На лице Адама появилось задумчивое выражение.
– Бобик, – сурово приказал он, – отойди от изгороди. Если ты через нее пролезешь, мне придется погнаться за тобой, чтобы поймать, а значит, мне придется выйти из сада, а мне не разрешают. Но мне все равно придется… если ты вздумаешь сбежать.
Бобик запрыгал на одном месте от возбуждения, но бежать и не подумал.
Адам осторожно огляделся. Потом, еще осторожнее, он посмотрел Наверх и Вниз. А потом – Внутрь.
А потом…
А теперь в изгороди была большая дыра – как раз такая, в которую могла пробежать собака и мог протиснуться мальчик, которому надо эту собаку поймать. И эта дыра в изгороди была
Адам подмигнул Бобику.
Бобик ринулся в дыру. И, с громкими и отчетливыми криками «Бобик, стой! Стой, плохой ты пес! Вернись сейчас же!», Адам протиснулся за ним.
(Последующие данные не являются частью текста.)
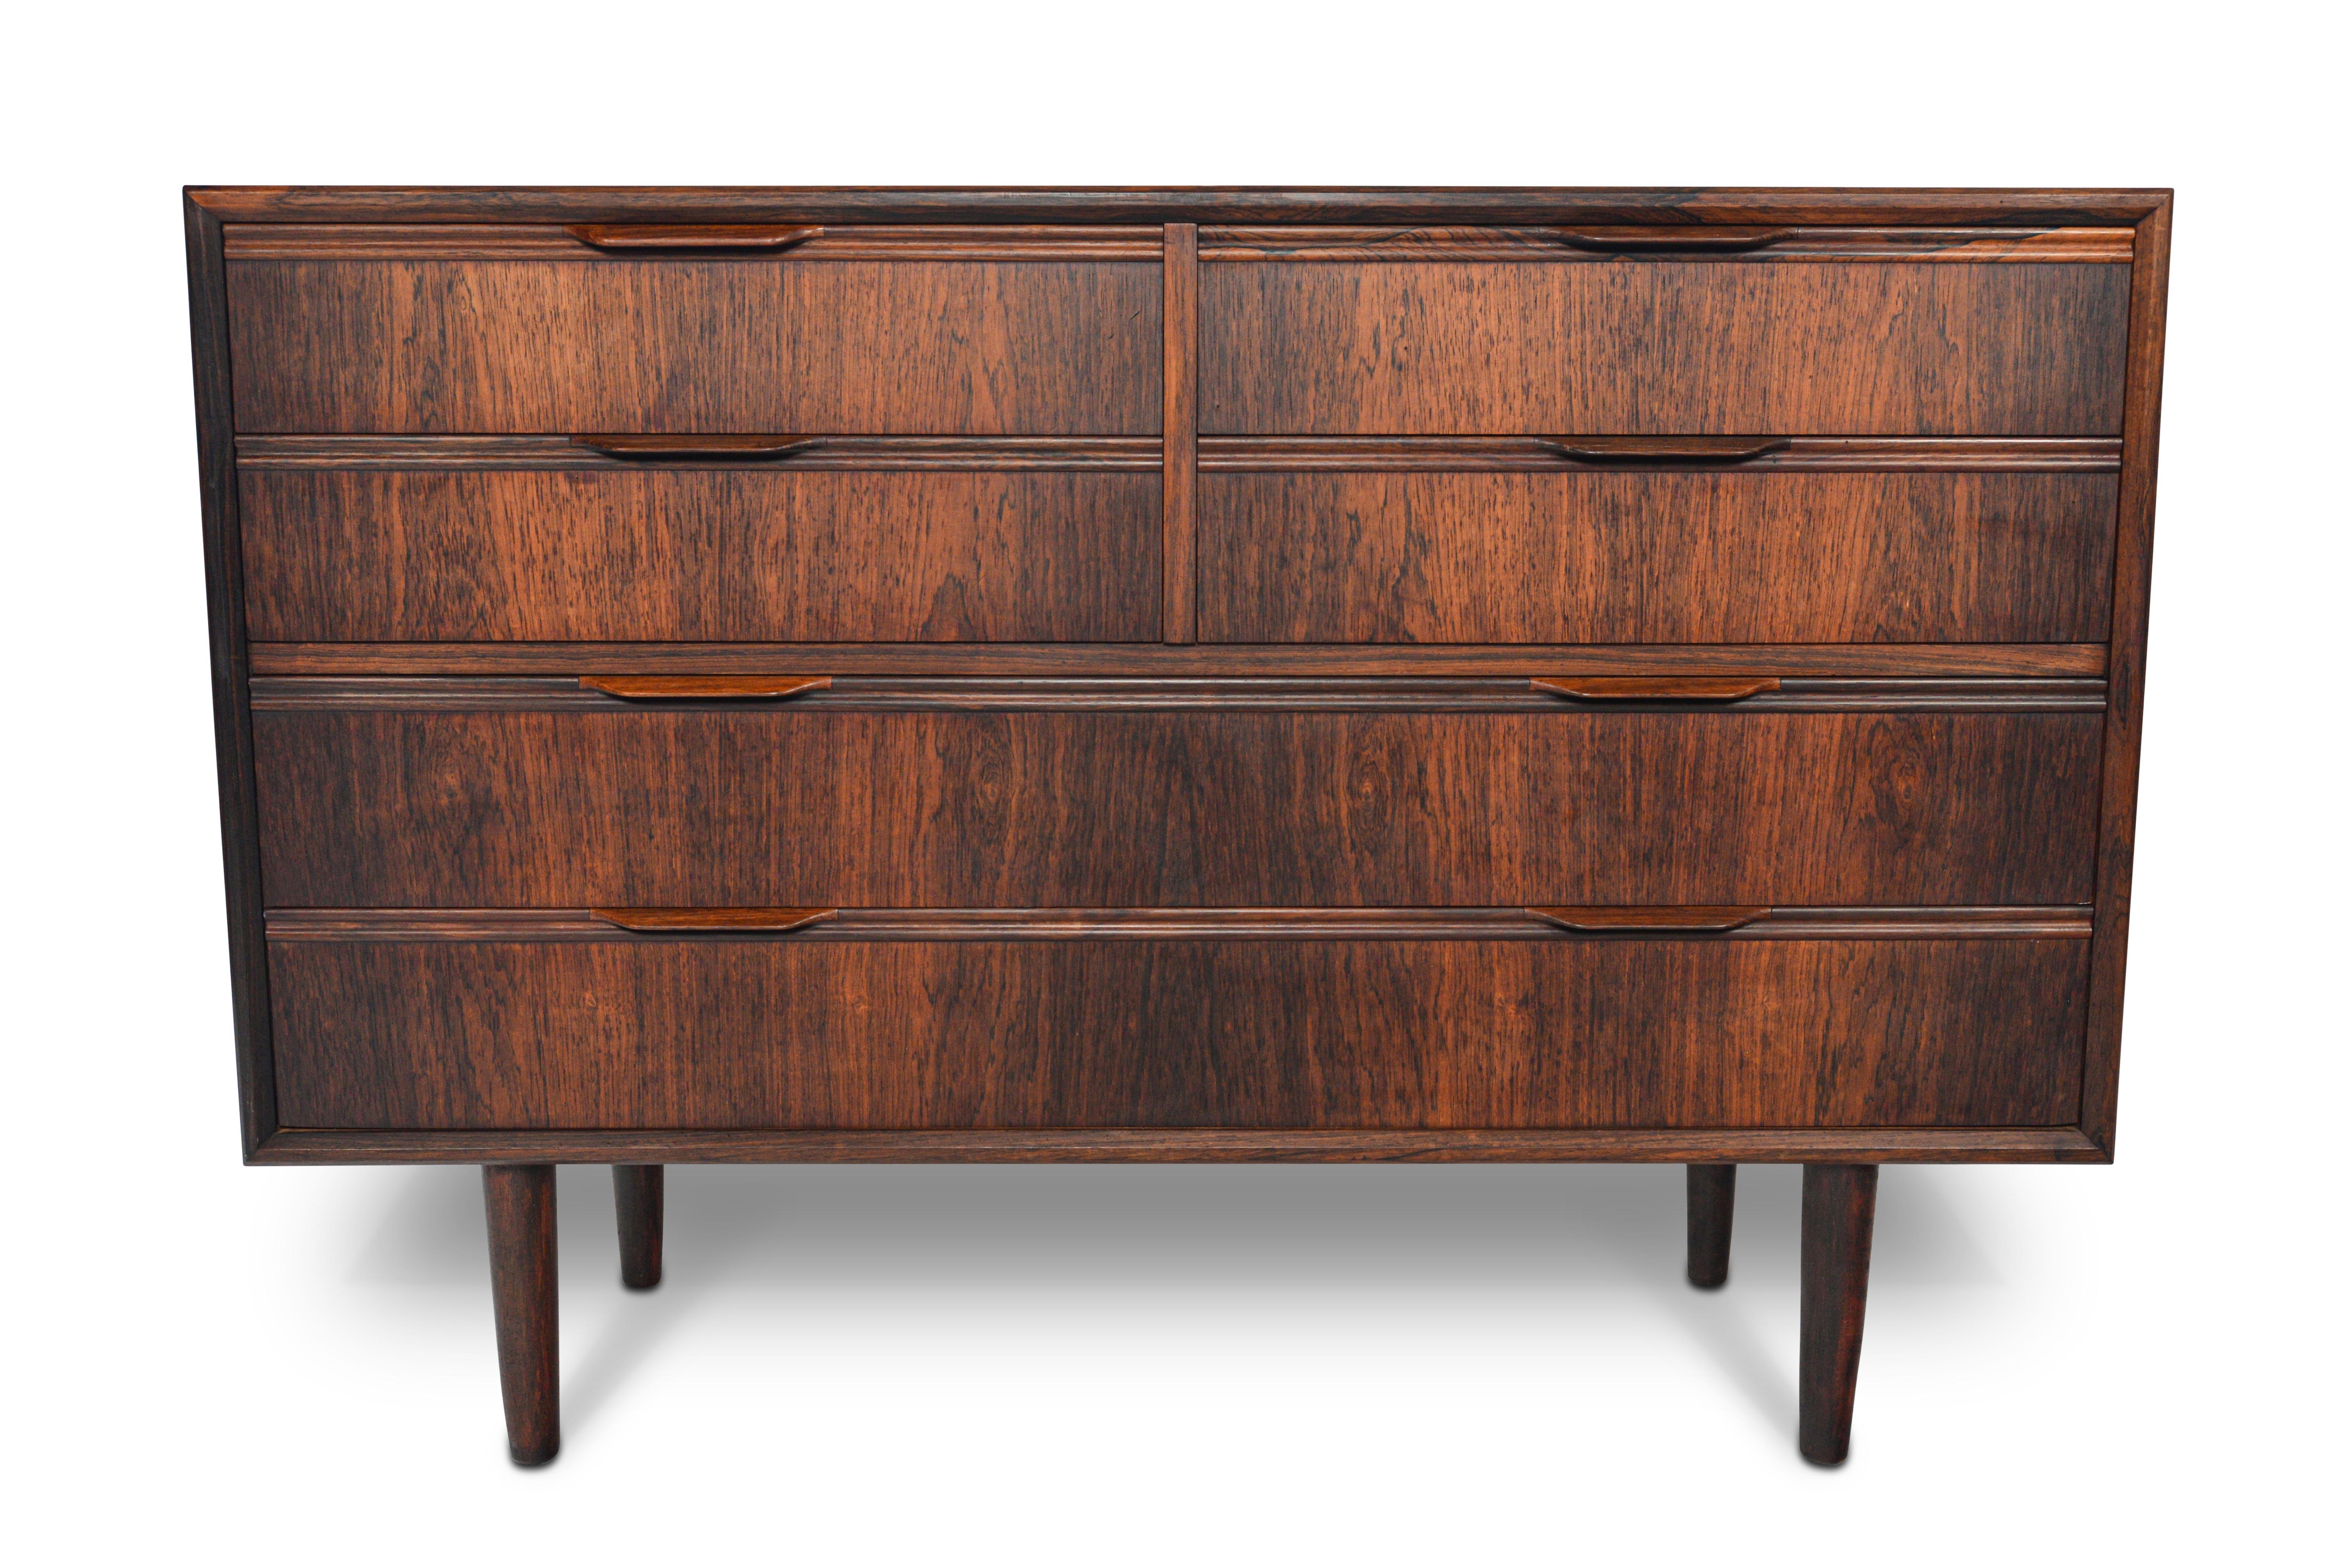 This rare Danish modern low six-drawer dresser by Knud Nielsen offers a wider, lower silhouette for bedroom storage. Crafted in rosewood, the top of this piece features four small drawers and two large lower drawers. In excellent original

Что-то подсказывало ему, что что-то кончается. Не мир, разумеется. Просто лето. Лето еще будет, и не раз, но такого уже не будет. Никогда.
Значит, надо взять от него все, что можно.
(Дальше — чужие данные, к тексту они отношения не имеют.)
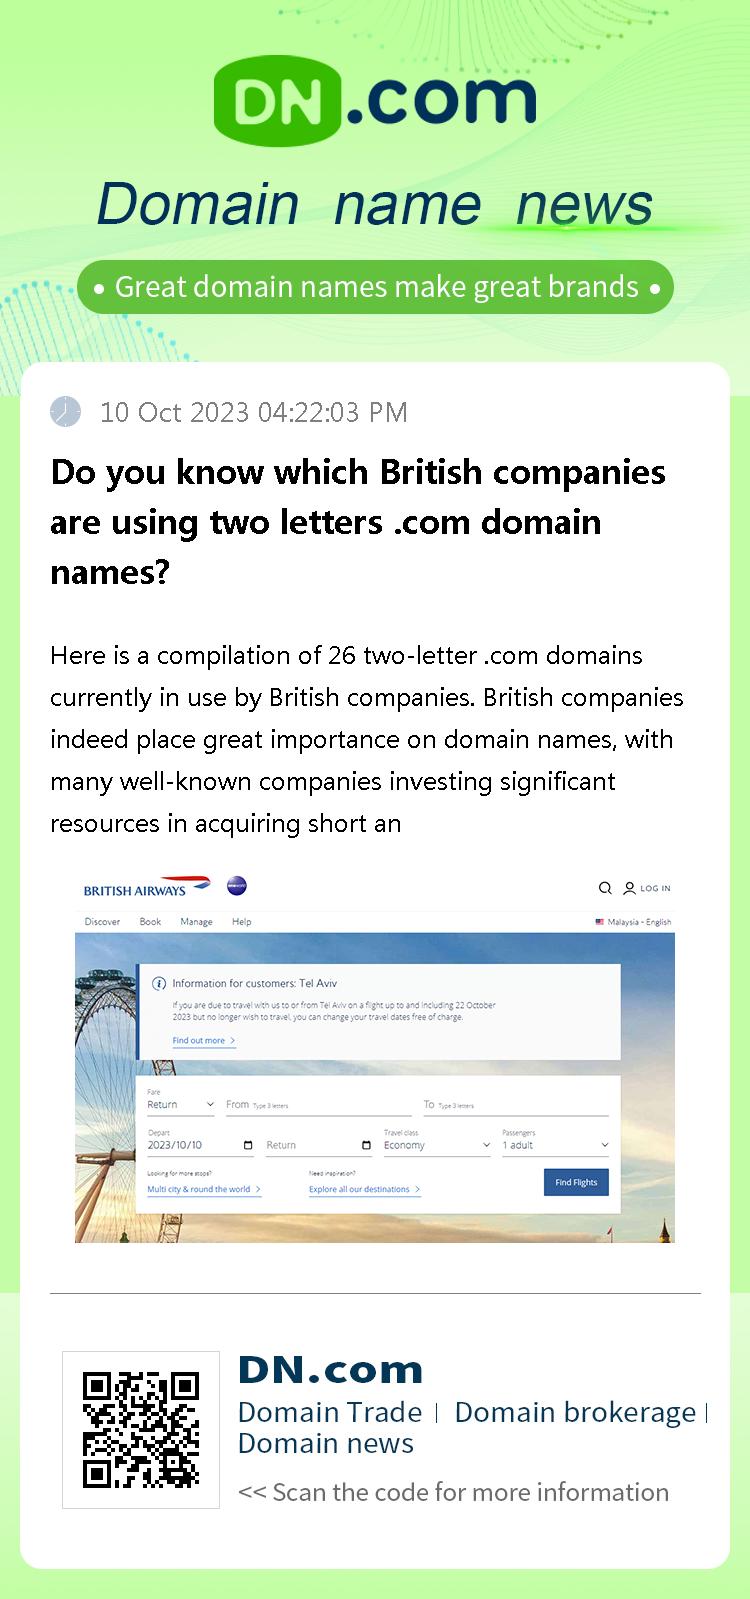 Do you know which British companies are using two letters .com domain names?

Он остановился посреди поля. Кто-то что-то жег. Он посмотрел на столб белого дыма над трубой Жасминного домика и подождал. И прислушался.
Адам слышал то, что не слышно другим.
Он слышал, как кто-то смеется.
Не хихикает злорадно, словно ведьма, а раскатисто, от всей души, хохочет, словно знает намного больше, чем следует знать.
Дымок над трубой свился в кольцо.
На долю секунду Адаму показалось, что сквозь дым проступило милое женское лицо. Лицо, которое никто на Земле не видел уже больше трехсот лет.
Агнесса Псих подмигнула ему.
Легкий летний ветерок развеял дым; лицо исчезло и смех стих.
Адам ухмыльнулся и побежал со всех ног.